INFORMATION PURSUANT TO ART. 13 AND 14 OF EU REGULATION 2016/679 (G.D.P.R.)

We inform you that European Regulation 2016/679 (G.D.P.R.) provides for the protection of individuals with regard to the processing of personal data and the free movement of such data.

In accordance with this regulation, the processing of your personal data will be conducted according to the principles of fairness, lawfulness, and transparency, ensuring the protection of your privacy and rights.

Pursuant to Articles 13 and 14 of the G.D.P.R. 2016/679, we provide the following information:

1. PURPOSE AND METHODS OF DATA PROCESSING

Your personal data has been provided to us and will be processed solely for purposes strictly connected and instrumental to sending the information you requested from the website www.datasurf.it:

- to enter records into databases for the management of information and any purchases;

- for accounting purposes;

- for managing obligations, collections, and payments;

- to comply with obligations under civil, fiscal, regulatory, and EU law;

- upon your consent, to send newsletters and commercial promotions.

The processing of personal data will be carried out using paper and electronic supports by the data controller, the data processor, and authorized personnel, observing all precautionary measures to ensure security, confidentiality, and timely, accurate, and complete processing.

2. NATURE OF DATA COLLECTION AND CONSEQUENCES OF NON-PROVISION

Providing your personal data is mandatory to fulfill obligations arising from your choice to request information or purchase products, and to comply with legal requirements in general.

Failure to provide data may make it impossible for us to fulfill contractual obligations and legal requirements.

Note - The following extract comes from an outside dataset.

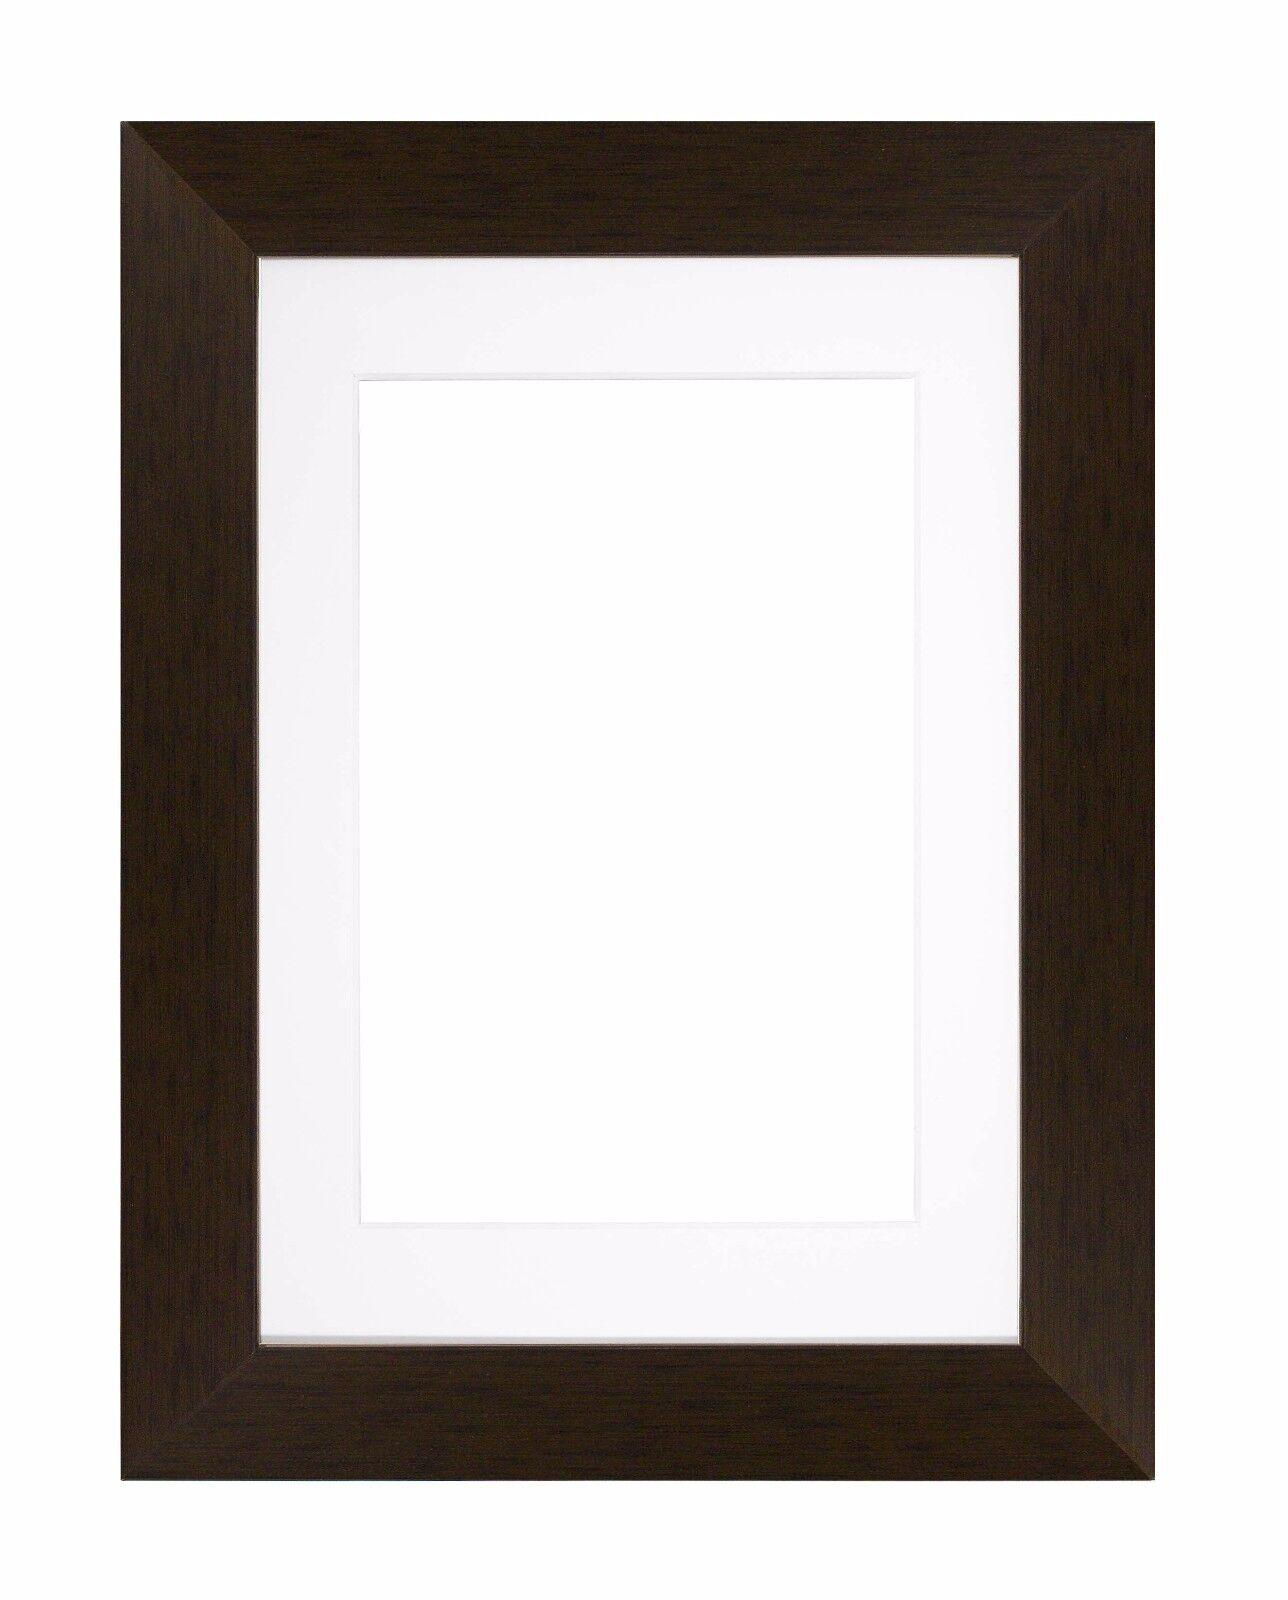 Basic Wood Frame Range Picture Photo Poster Frames With Bespoke ...

3. DATA COMMUNICATION AND DISCLOSURE

Your personal data, for the execution of the contract and the purposes indicated above, may be communicated to:

- all natural and legal persons (legal, administrative, fiscal consultancy firms, auditing companies, couriers and shipping companies, online payment intermediaries, data processing centers, etc.) when communication is necessary for the purposes described above;

- banking institutions for managing collections and payments;

- factoring or debt collection companies;

- our collaborators and employees specifically authorized and within their respective roles.

Your data will not be transferred to non-EU countries.

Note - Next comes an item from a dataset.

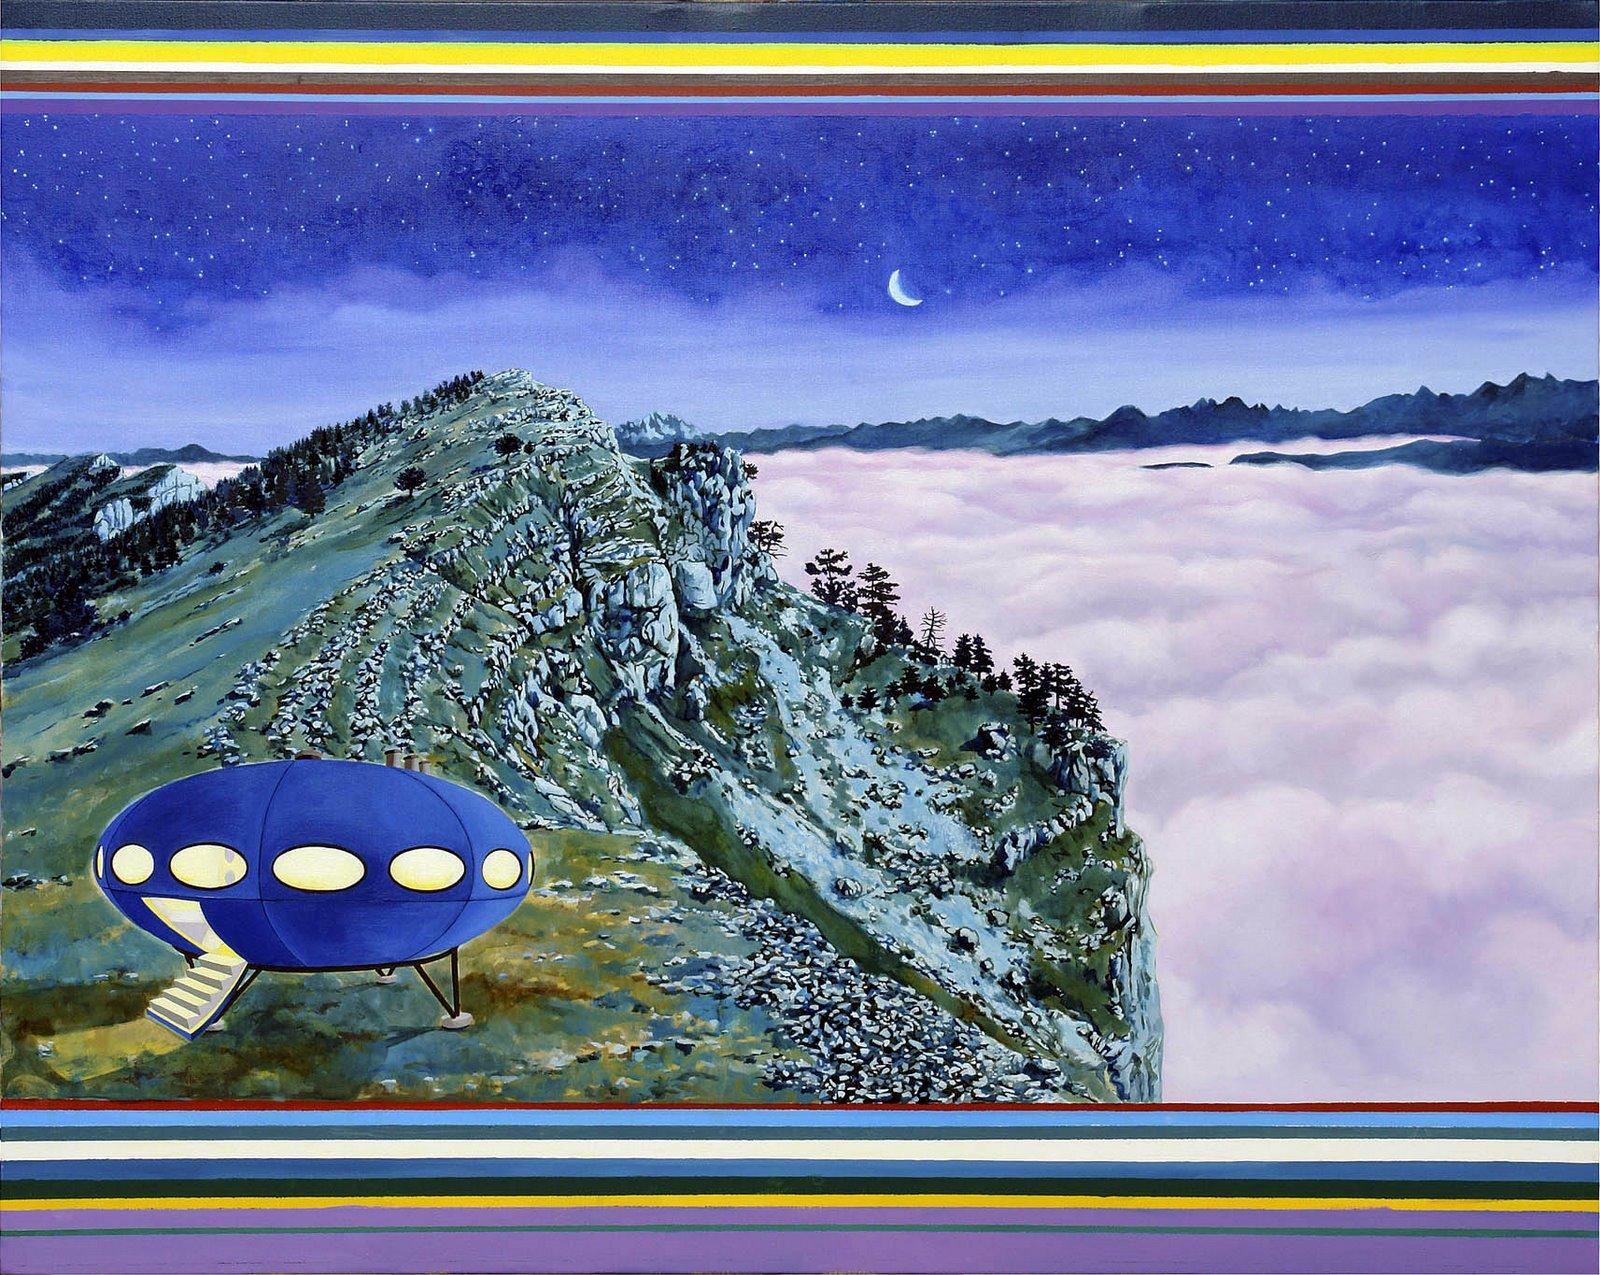 Futuro Painting - Alain Fraboni

The collected data will in any case not be disseminated.

4. DATA RETENTION

We will retain your data only as long as necessary to provide the requested services, unless we are required to keep it for longer periods by law, regulations, or EU provisions, or if needed for dispute resolution or judicial investigations.

When your data is no longer necessary for the above purposes, we will securely destroy it or render it permanently non-identifiable.

5. RIGHTS OF THE DATA SUBJECT

You may exercise your rights at any time with respect to the data controller pursuant to the articles of G.D.P.R. 2016/679, which are listed for your convenience:

Art. 15 – Right of access by the data subject

Art. 16 – Right to rectification

Art. 17 – Right to erasure (right to be forgotten)

Art. 18 – Right to restriction of processing

Art. 19 – Obligation to notify in case of rectification

Art. 20 – Right to data portability

Art. 21 – Right to object

The exercise of your rights can be addressed to the data controller or the data processor and may also be sent by registered letter, fax, or email.

6. DATA CONTROLLER

The data controller is Hive s.r.l.s.